Skill shortages and limited accessibility remain
There is a shortage of skilled personnel capable of managing and interpreting AI-driven tools. Although AI promises to automate several operational tasks in the long term, the transition phase requires engineers and technicians who understand both renewable energy systems and advanced data analytics. Such interdisciplinary expertise remains limited, especially in the renewable sector. Limited access to specialised AI tools can also discourage smaller developers from adopting advanced digital technologies.
Addressing these challenges will require coordinated policy support. Governments, by establishing common digital infrastructure standards, can encourage developers to adopt interoperable protocols for data capture, communication and cybersecurity. Financial incentives such as tax benefits, innovation grants and pilot funding could also support companies experimenting with AI applications. Furthermore, dedicated training programmes that combine renewable energy engineering with AI and data analytics will be essential to build the specialised talent needed for long-term digital transformation.

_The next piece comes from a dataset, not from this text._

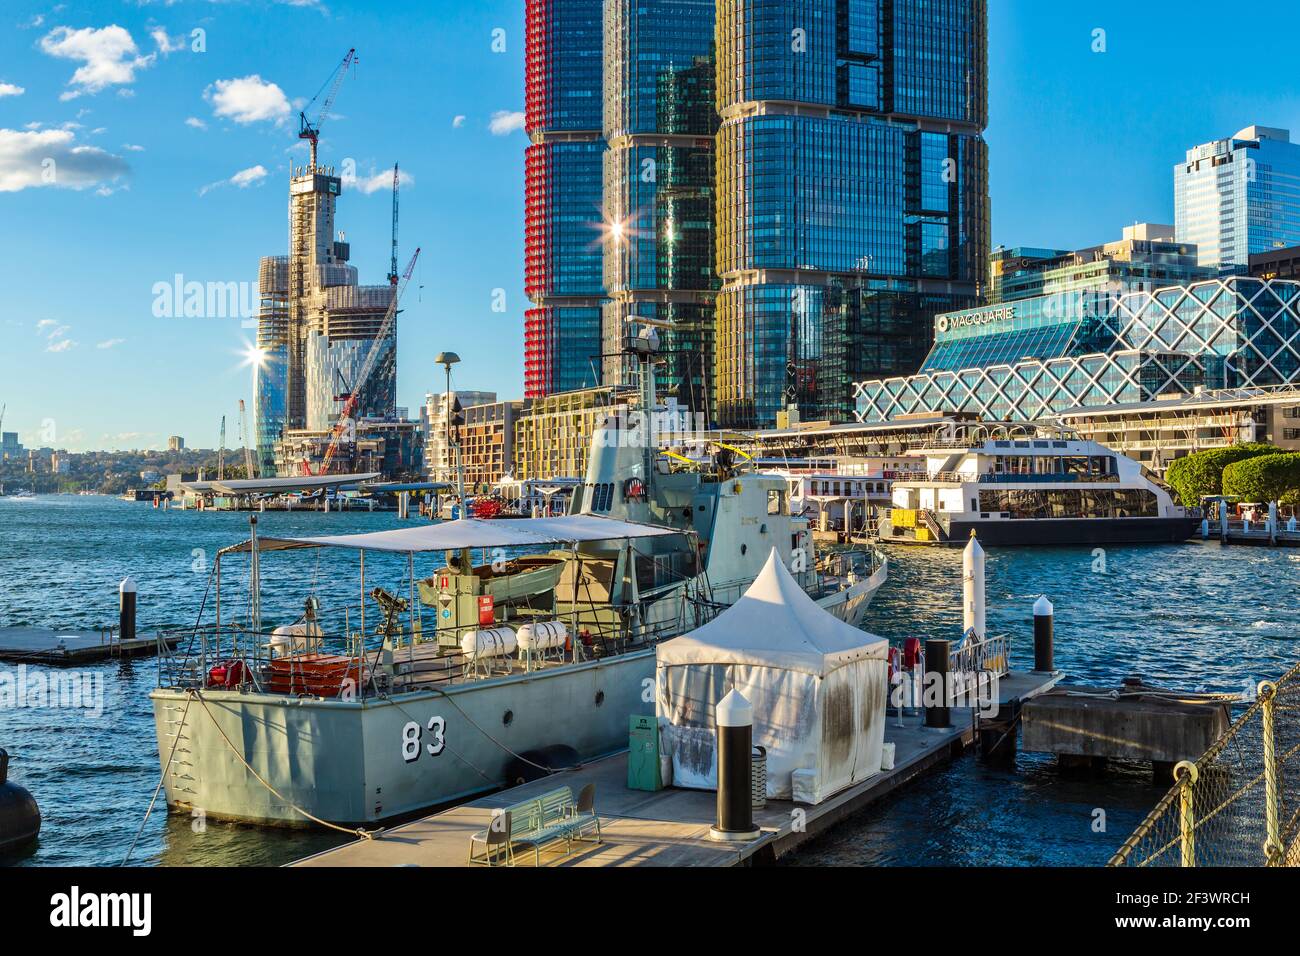 Darling Harbour, Sydney, Australien. Im Vordergrund steht das Patrouillenboot HMAS Advance, heute ein Museumsschiff. Dahinter befinden sich die International Towers Stockfoto

AI to lead the way for renewables
In the long term, AI is likely to become a core component of the renewable energy sector, which has already demonstrated its ability to scale rapidly. At its core, the sector is inherently data-rich and algorithms will increasingly define how it operates provided that it is supported by robust digital infrastructure and effective policy frameworks. However, the real test will be ensuring that the intelligence running these systems remains secure, accessible and guided by human decision-making.